Everybody tried to be a little braver than they felt. All of us had a moment of weakness, we did all cry together at one moment, there were a few tears, but after all it was a lovely spring day in Paris. Riding in the van from the Avenue Foch to the station we could get a glimpse of what was going on in Paris, people sitting on the terraces of cafes drinking their ersatz coffe or whatever. I was looking forward to the trip. I had spent a year alone in my cell and I thought. Now I am going to be with these other women.

On the train we were handcuffed, each one of us handcuffed to somebody else, so we were not free to move around or anything, but we did not look absolutely miserable. No, we made the best of it. I remember one of them even asked a guard for a cigarette, and he gave her one.

We were frightened deep down, all of us. We were wondering what was the next thing, a normal thing to ask yourself in those circumstances. Were we going straight to our death, were we going to a camp, were we going to a prison, were we going to - what? We couldn't not think of those things. Our only hope was maybe to be together somewhere.

(4) Odette Hallowes, The Times (17th March, 1975)
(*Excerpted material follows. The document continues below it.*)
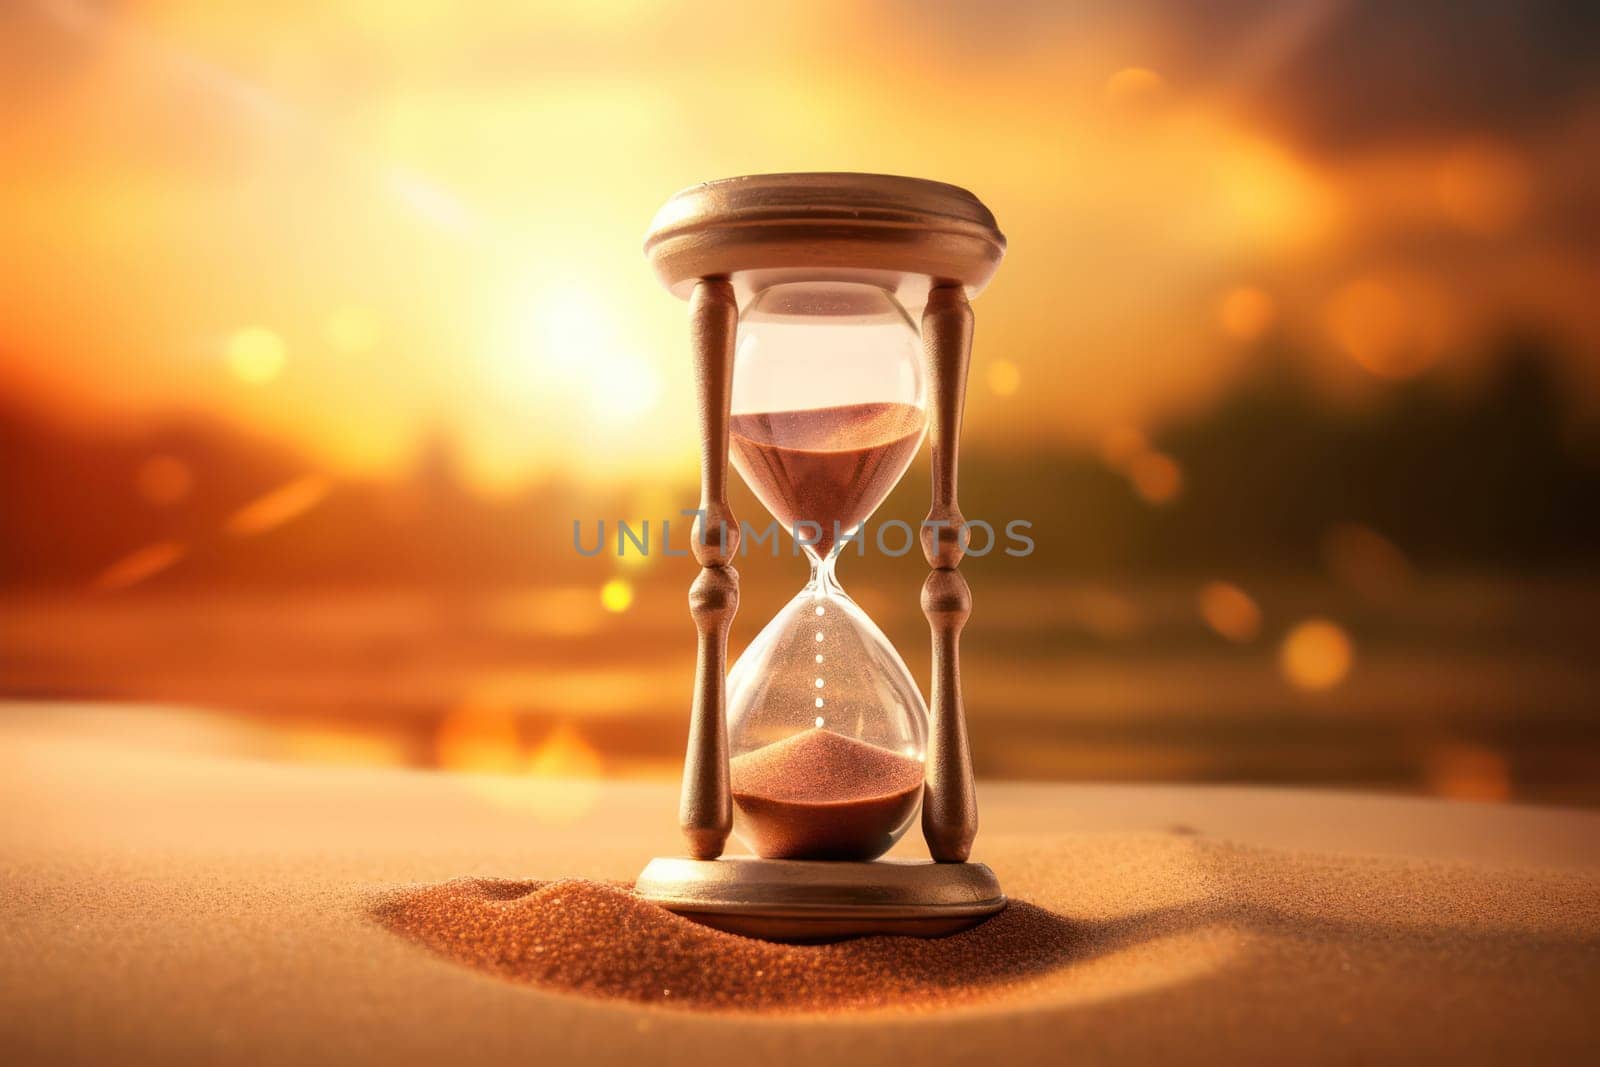 Time Passing: A Retro Vintage Hourglass measuring the Speed of Business Pressure with a Close-up View on Falling Sand, Symbolizing Urgency and Stress in a Tranquil Sunset Background by Vichizh
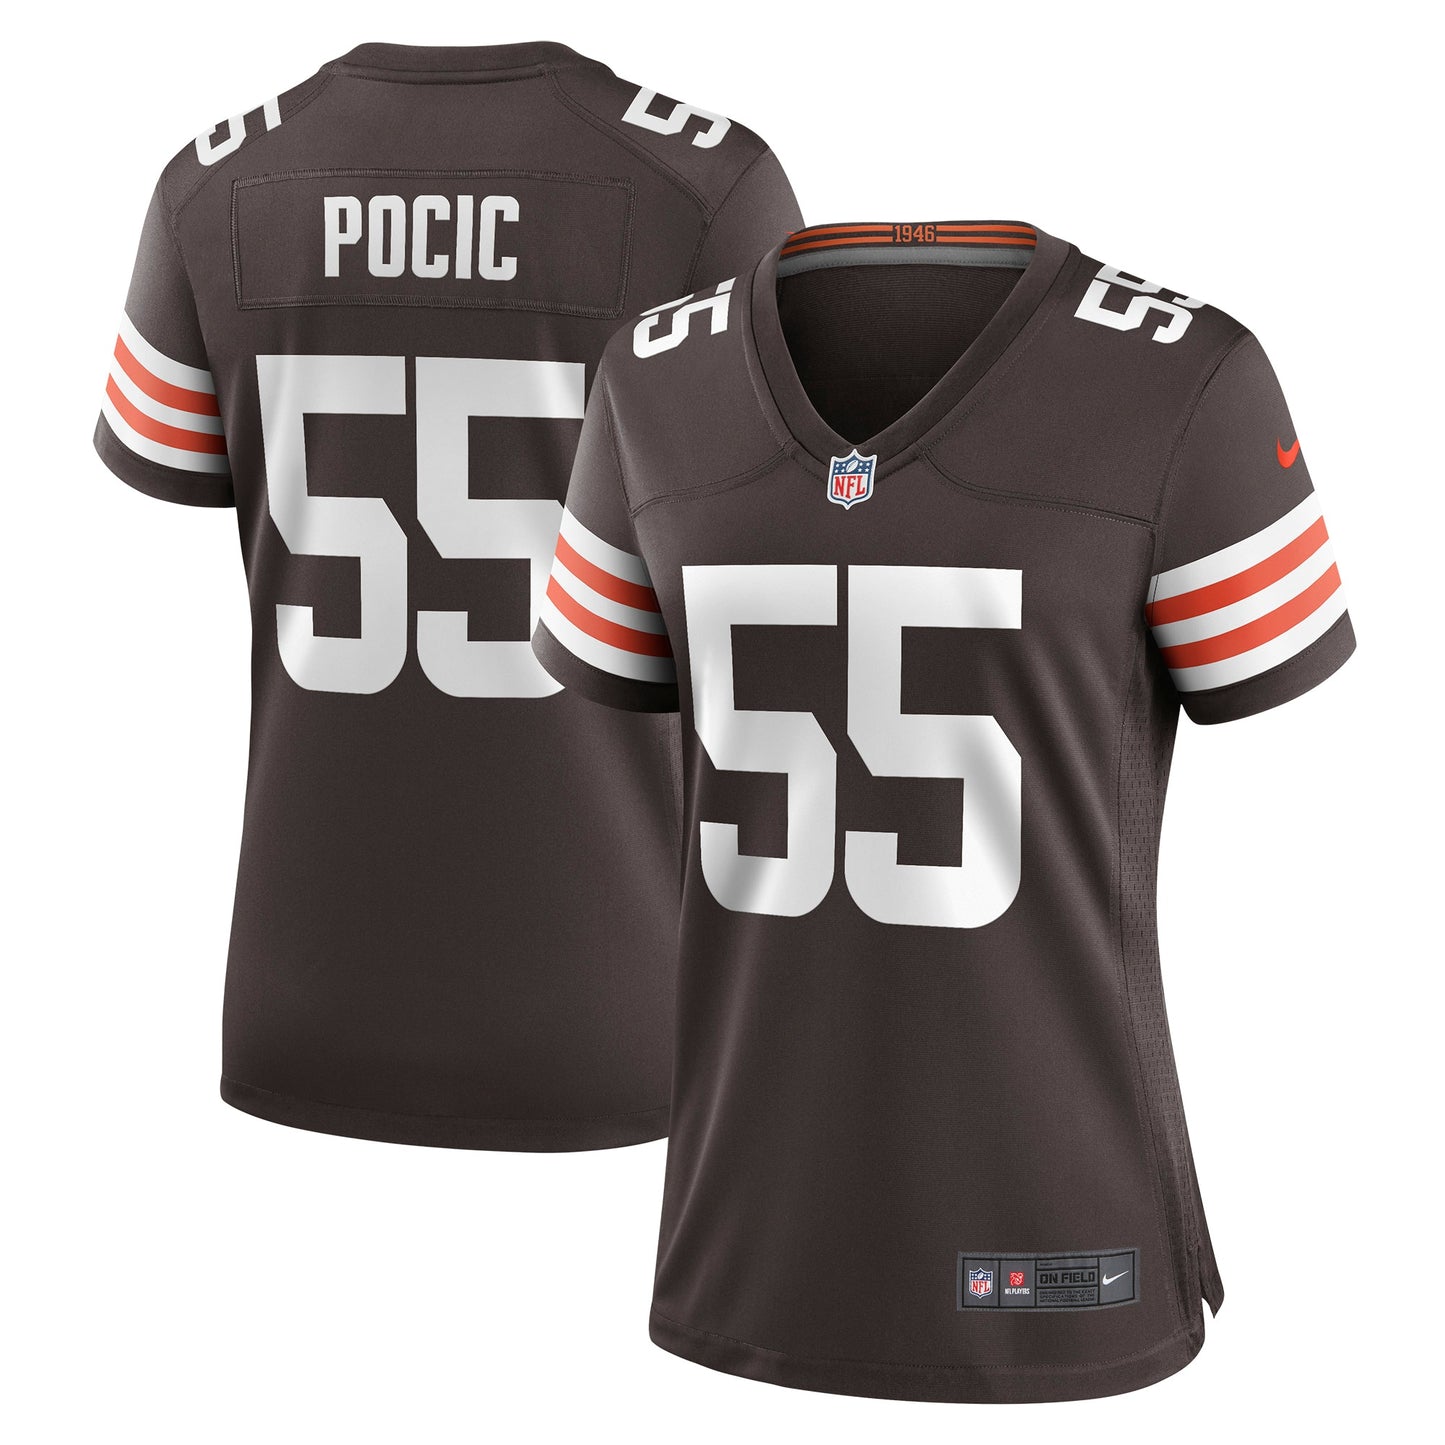 Ethan Pocic Cleveland Browns Nike Women's Game Jersey - Brown

Of all the women who took part in special operations in France, Odette - as she was universally known in spite of having borne three married surnames in her lifetime - perhaps best symbolized the indomitable spirit of resistance to Nazism. Captured by the Gestapo in France and consigned after being cruelly tortured in Paris's notorious Fresnes prison, to Ravensbrück concentration camp, she emerged emaciated, weak and gravely ill at the end of the war. But in the years that followed, her undiminished mental and moral energy, combined with a complete absence of bitterness towards her tormentors and the nation that had spawned them, became a beacon to others who had suffered disfigurement, pain or bereavement. Indeed the theme of her postwar working life, with its service to various charities and help for the underprivileged, was the healing of those wounds, both physical and mental, which had been inflicted upon individuals by the war. Her George Cross, she always maintained, was not to be regarded as an award to her personally, but as an acknowledgment of all those known and unknown, alive or dead, who had served the cause of the liberation of France. Her wartime experiences had taught her two great truths; that suffering is an ineluctable part of the human lot, and that the battle against evil is never over. Fame came to her - notably, through the film Odette which celebrated her life - but she never sought it.